Write out again, word for word, the lines below from the line that holds "Grand Teton National" through the line that holds "WENDY merino wool", omitting pictures.

##### Records shown

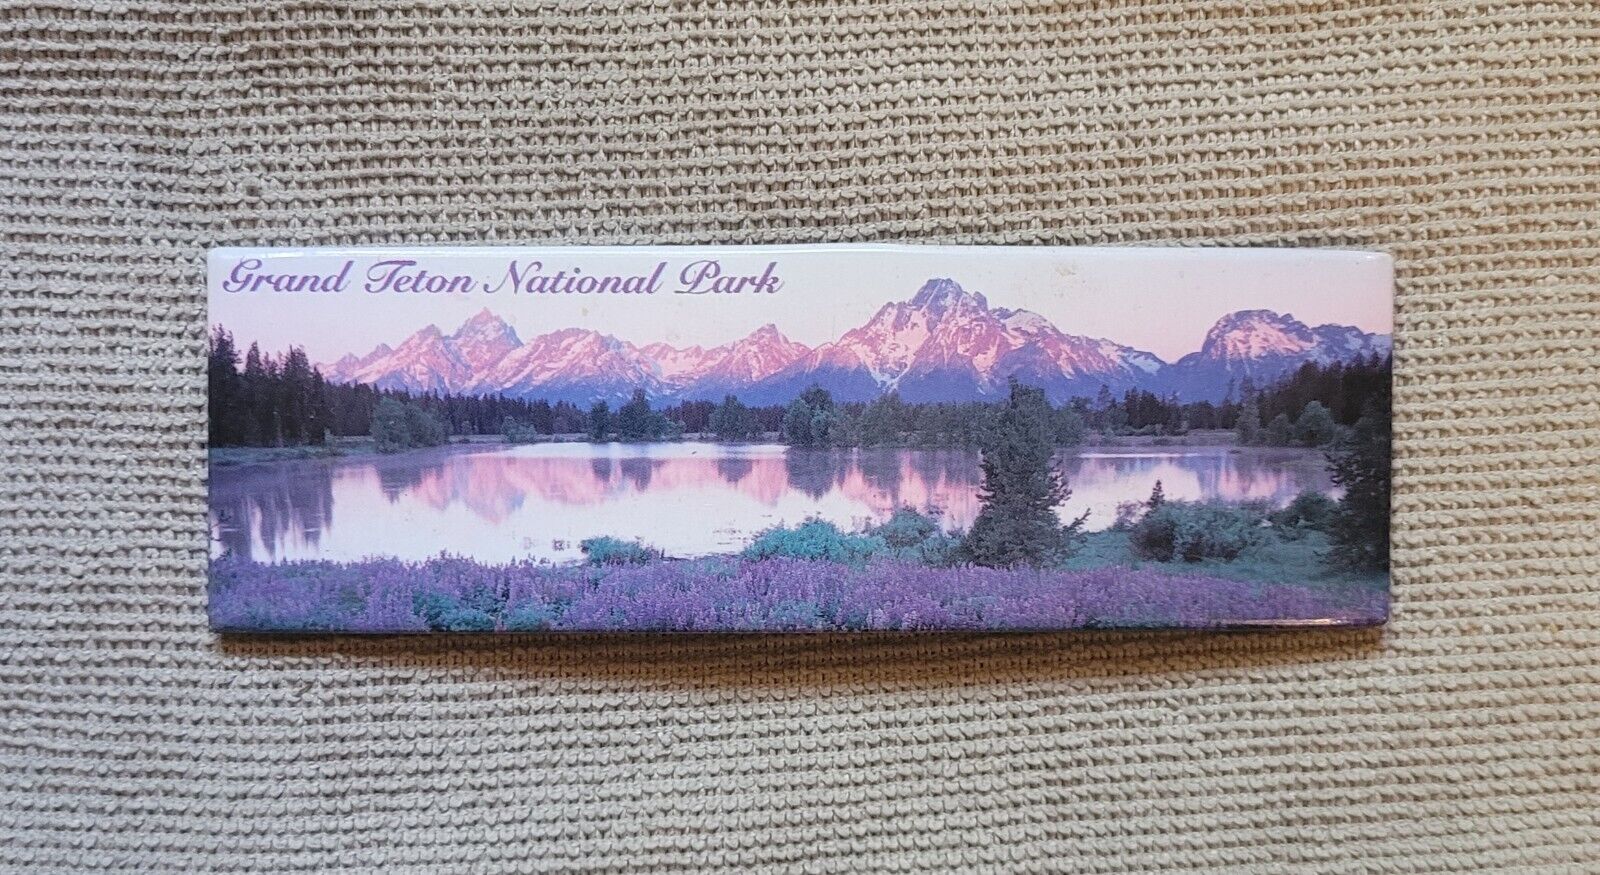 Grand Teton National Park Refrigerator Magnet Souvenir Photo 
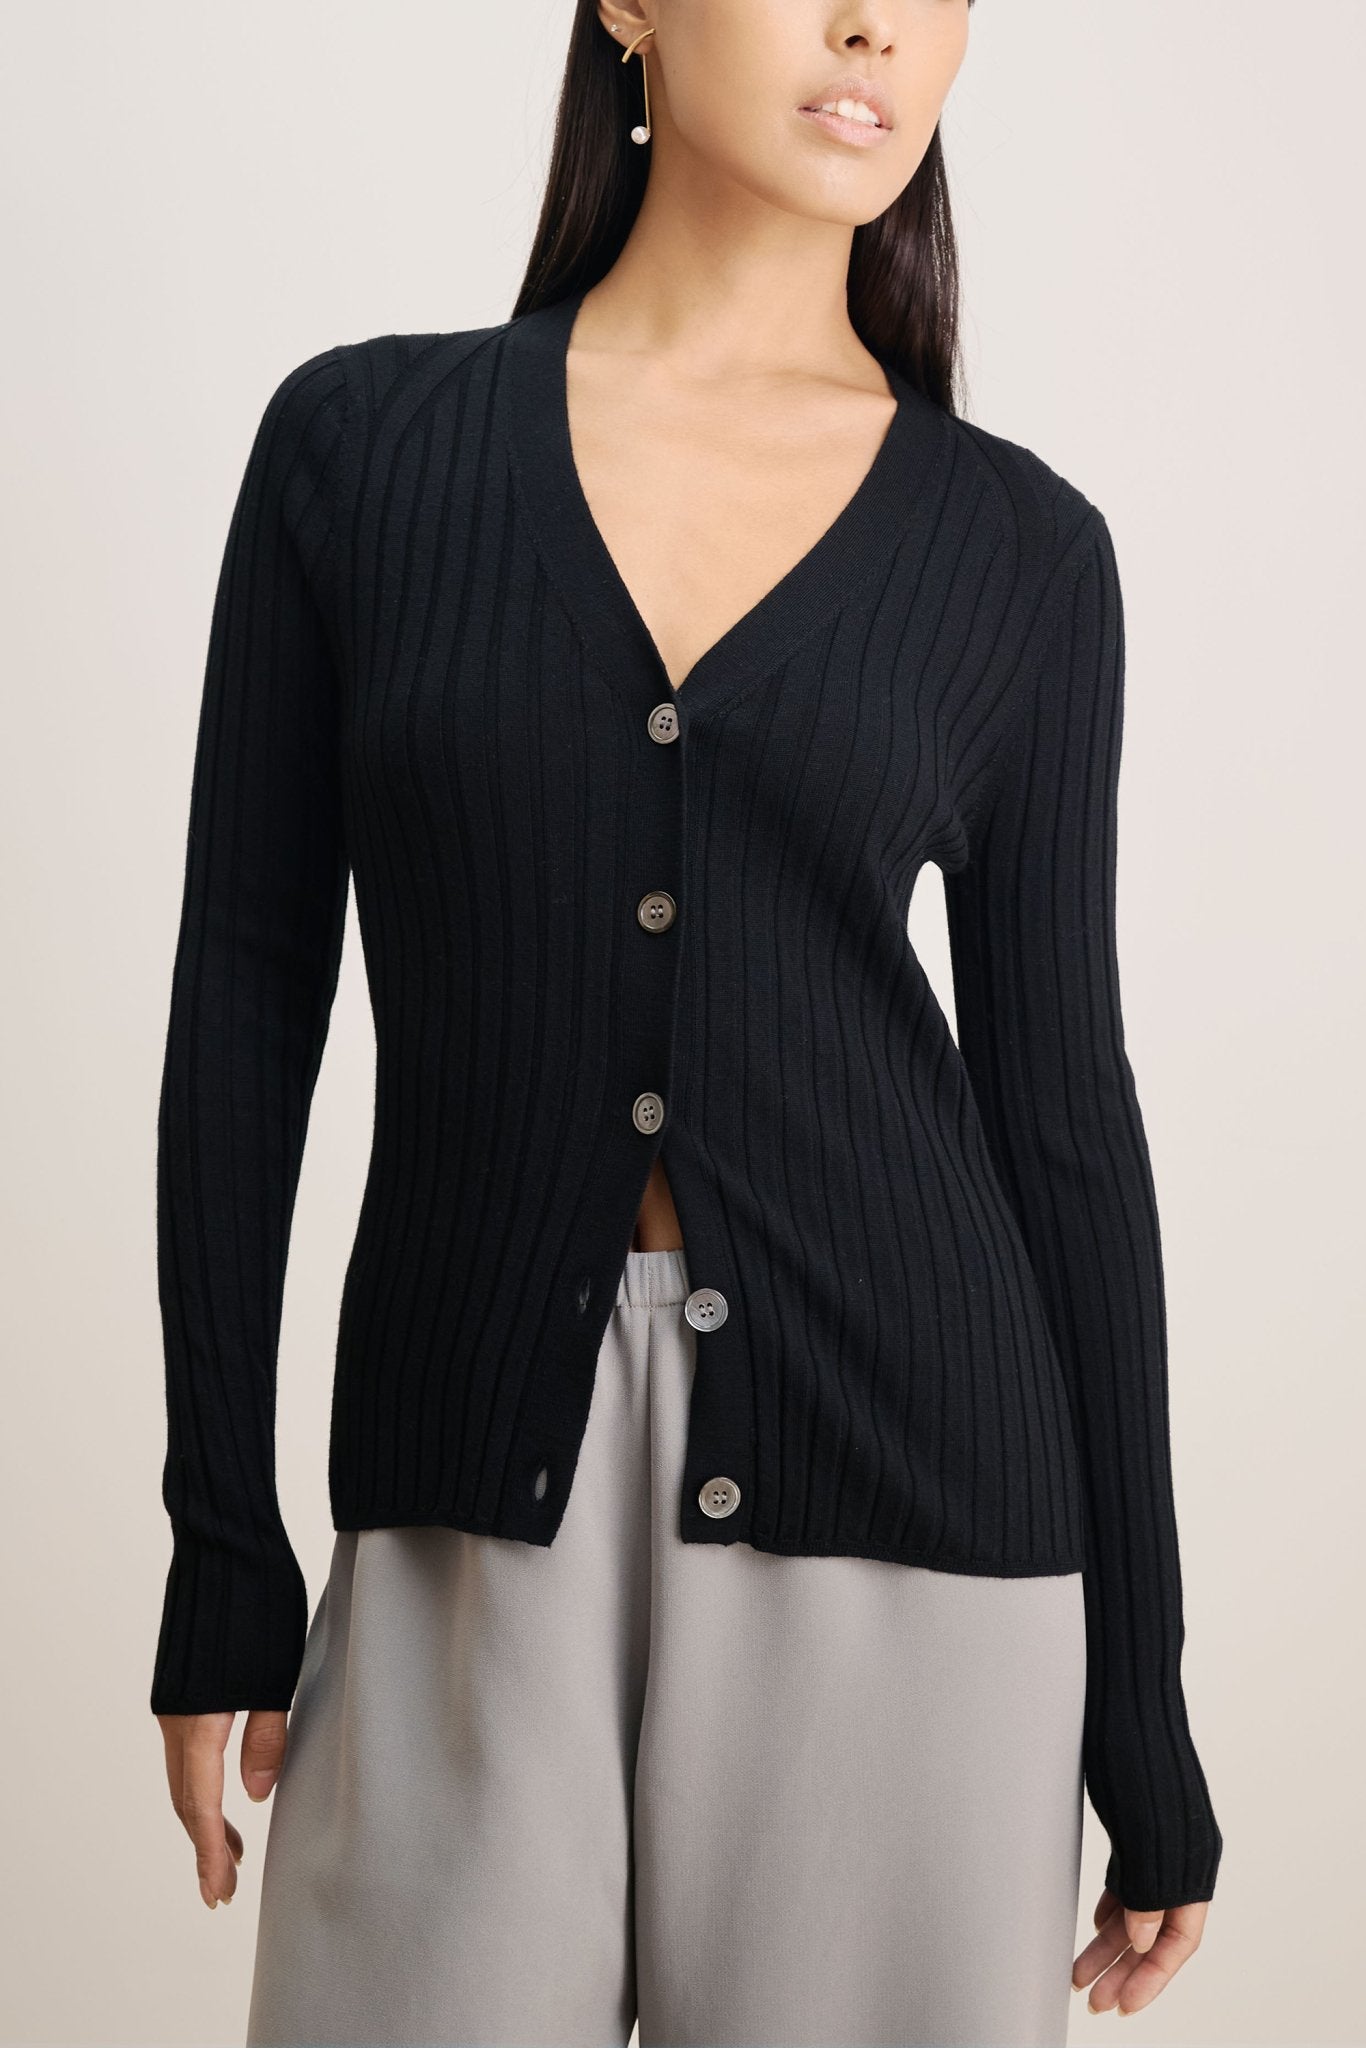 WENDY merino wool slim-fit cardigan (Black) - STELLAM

##########
##### Records shown

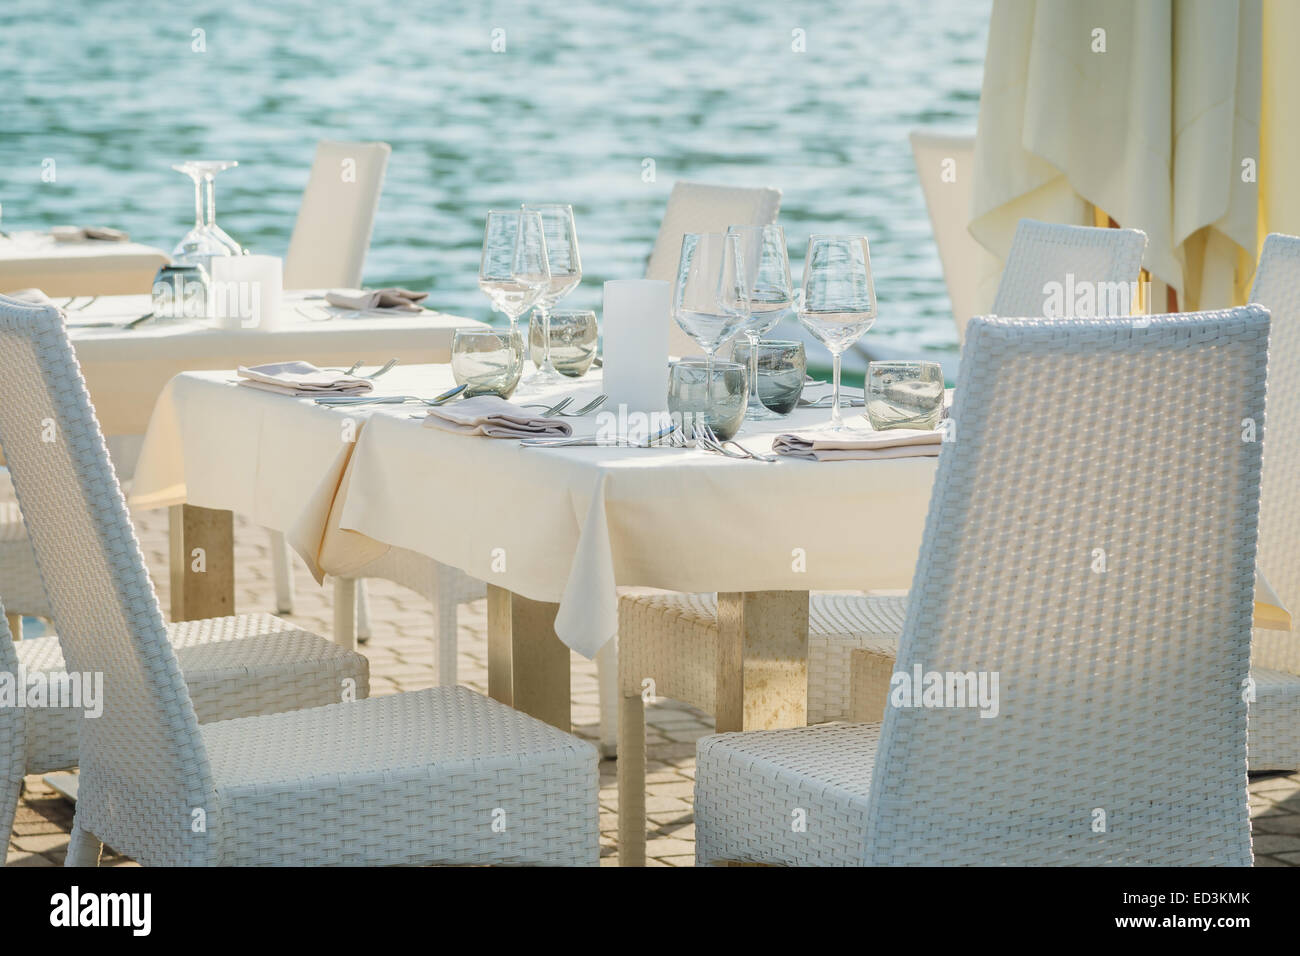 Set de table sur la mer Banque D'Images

##########
##### Records shown

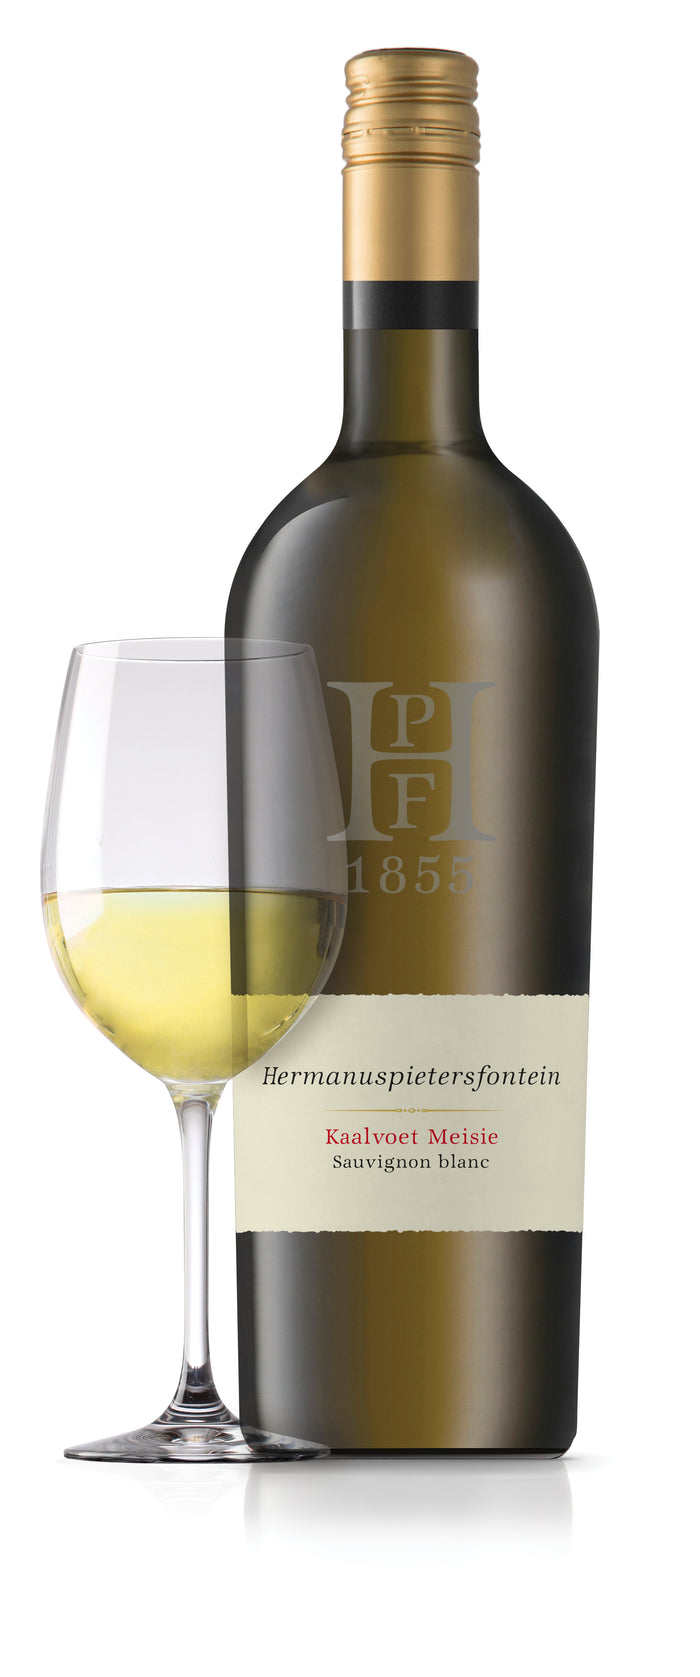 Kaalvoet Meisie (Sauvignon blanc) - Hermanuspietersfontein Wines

##########

● Exercise answer
 Grand Teton National Park Refrigerator Magnet Souvenir Photo 
 WENDY merino wool slim-fit cardigan (Black) - STELLAM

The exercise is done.